Nokia Corp (ADR) (NYSE:NOK) investors are having rough days after the networking equipment company reported mixed results for the September quarter, and mostly weaker guidance. NOK stock has fallen nearly 12% since the earnings news broke.
In reaction, BMO analyst Tim Long lowered his price target to $6.00 (from $7.00), while reiterating an Outperform rating on NOK. The reduced target still represents a potential upside of 32% from where the stock is currently trading.

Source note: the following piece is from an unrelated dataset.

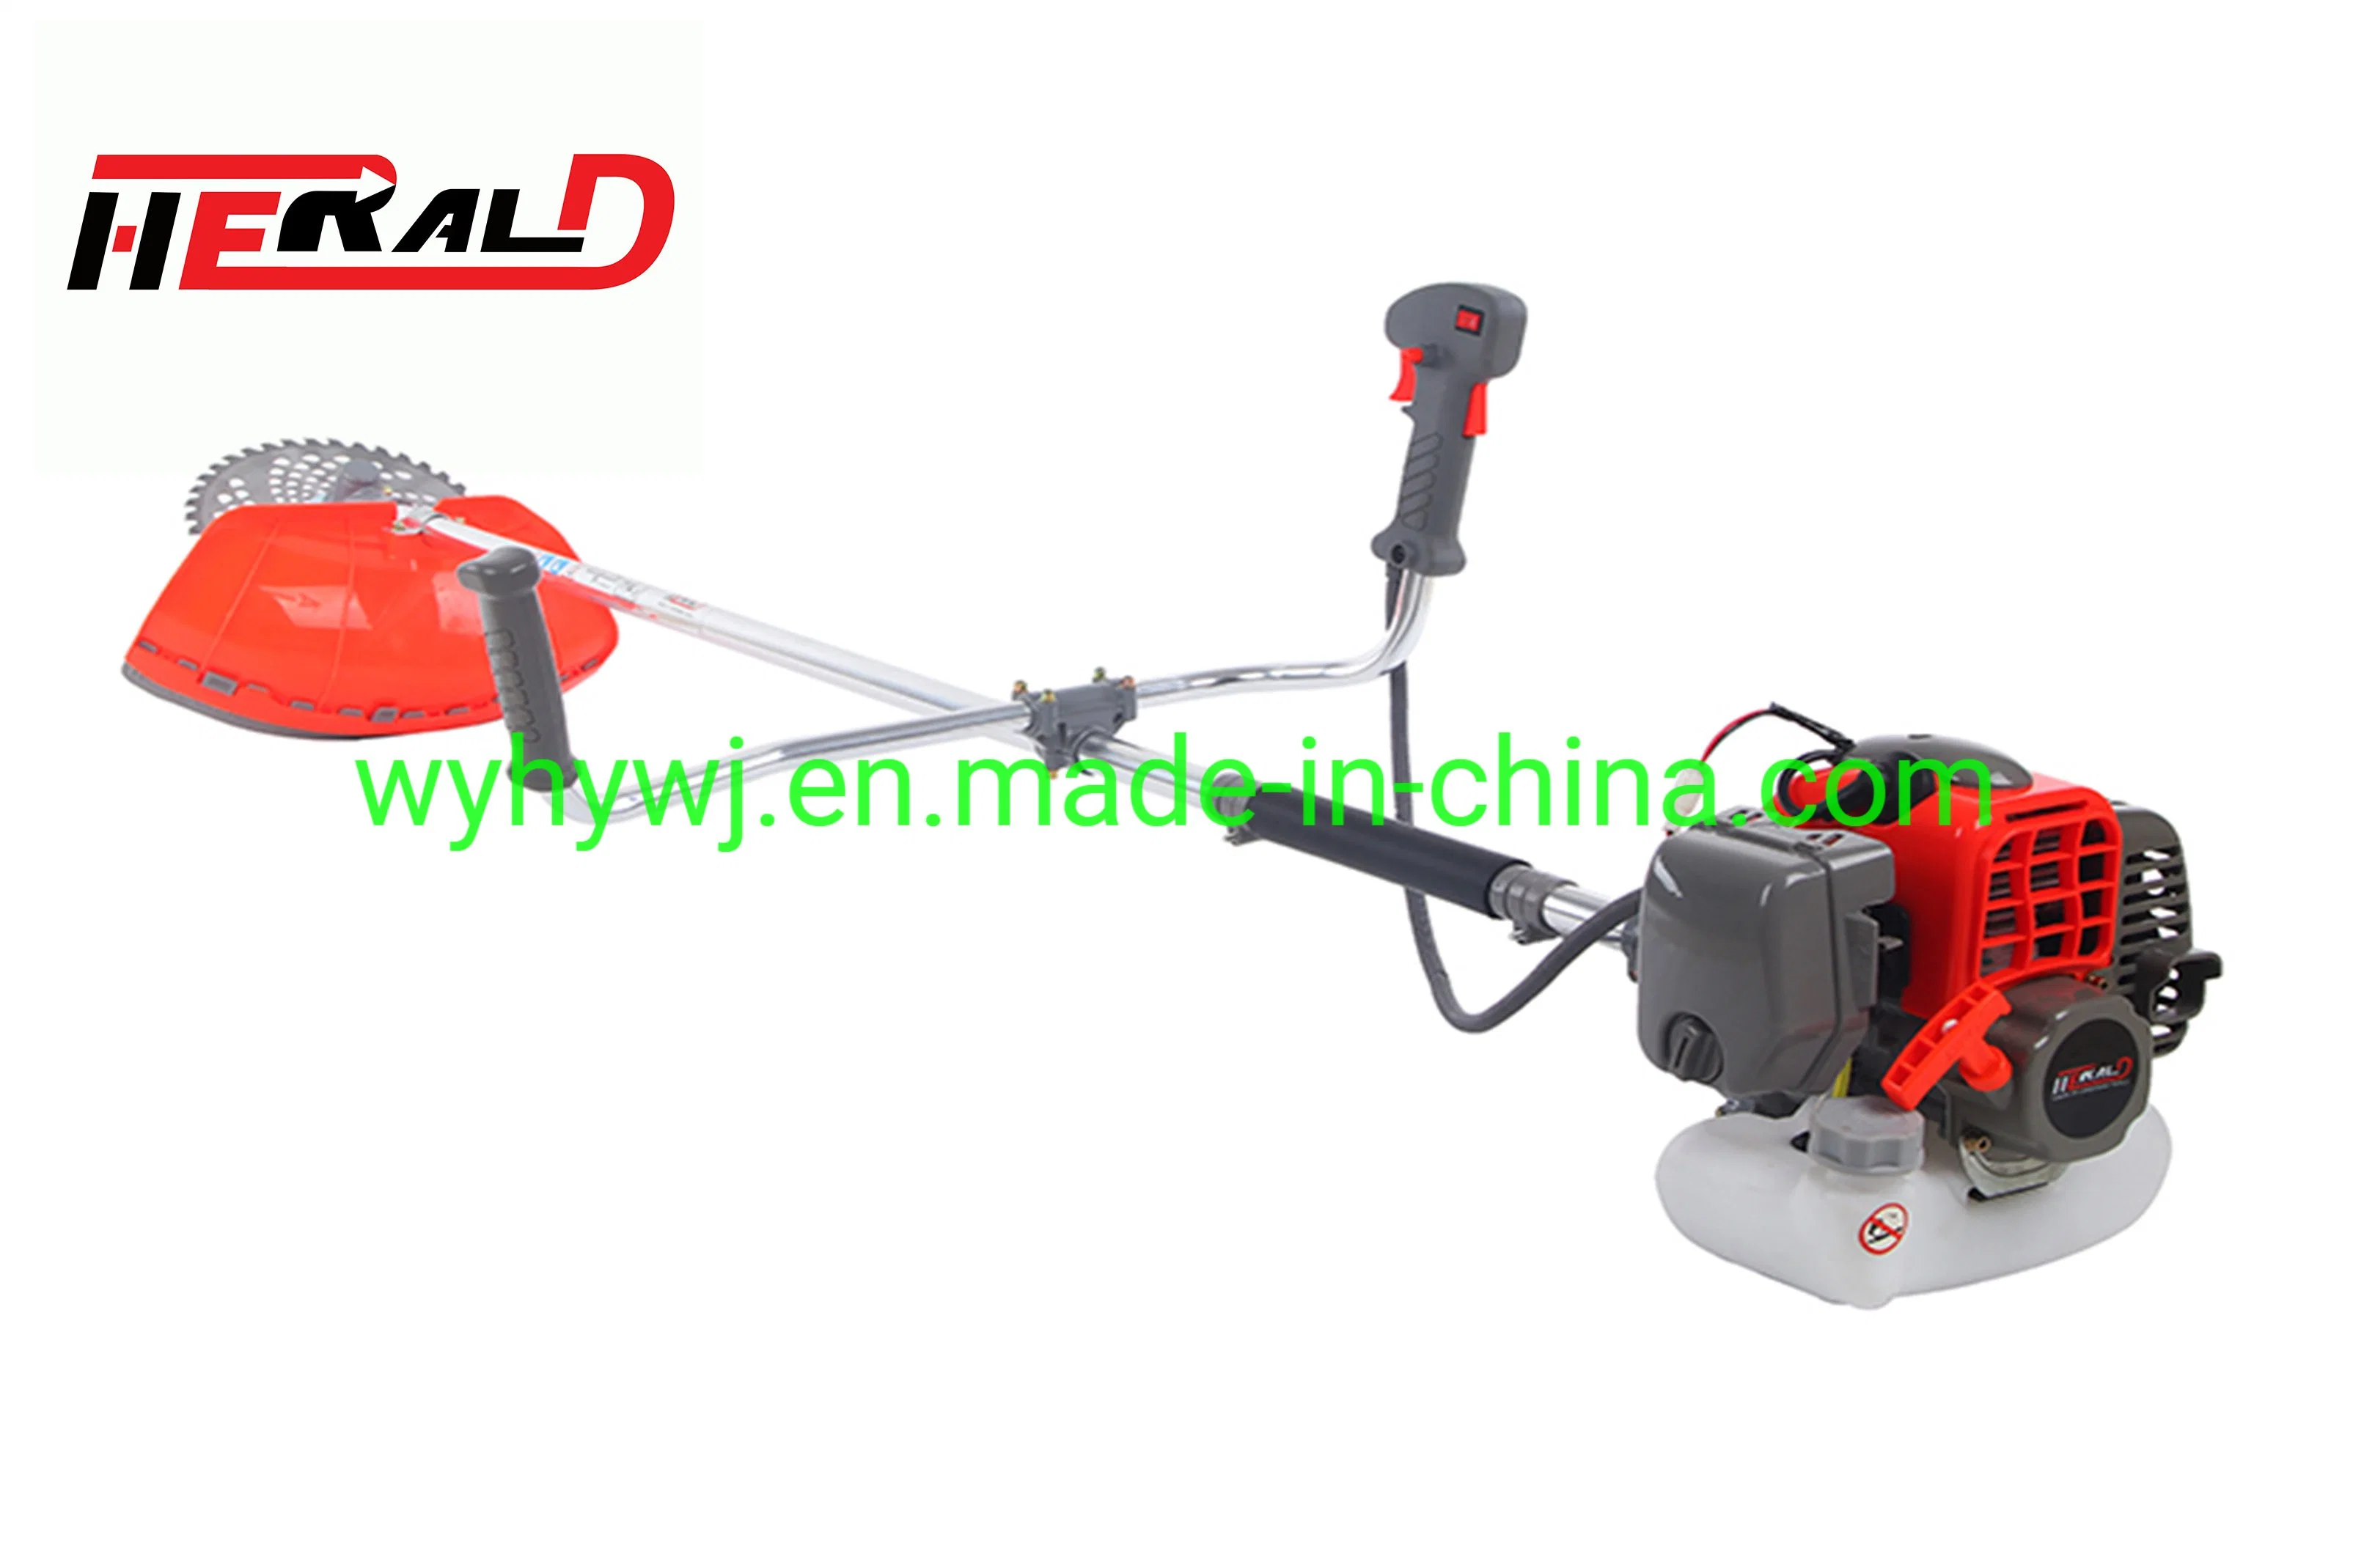 Professional 2 Stroke Good Quality 43cc/52cc Gasoline Brush Cutter Hy-415CT Cut The Grass Easily Garden Tool

Long commented, “As we previewed in our Global Infrastructure Model update and as management reaffirmed, the global operator capex environment outlook has worsened for 2016, limiting revenue opportunities for Nokia’s Networks business. Nevertheless, we continue to like the €1.2 billion savings program and believe management may be able to find additional opportunities over time. Our 2016/2017 EPS estimates go to €0.16/€0.21 from €0.18/€0.29.”
As usual, we like to include the analyst’s trackrecord when reporting on new analyst notes. According to TipRanks, which measures analysts’ and bloggers’ success rate based on how their calls perform, analyst Tim Long has a yearly average return of 4.4% and a 52% success rate. Long has a 28.4% average loss when recommending NOK, and is ranked #679 out of 4188 analysts.
Out of the 19 analysts polled by TipRanks, 13 rate Nokia Corp stock a Buy, 5 rate the stock a Hold and 1 recommends a Sell. With a return potential of 46%, the stock’s consensus target price stands at $6.66.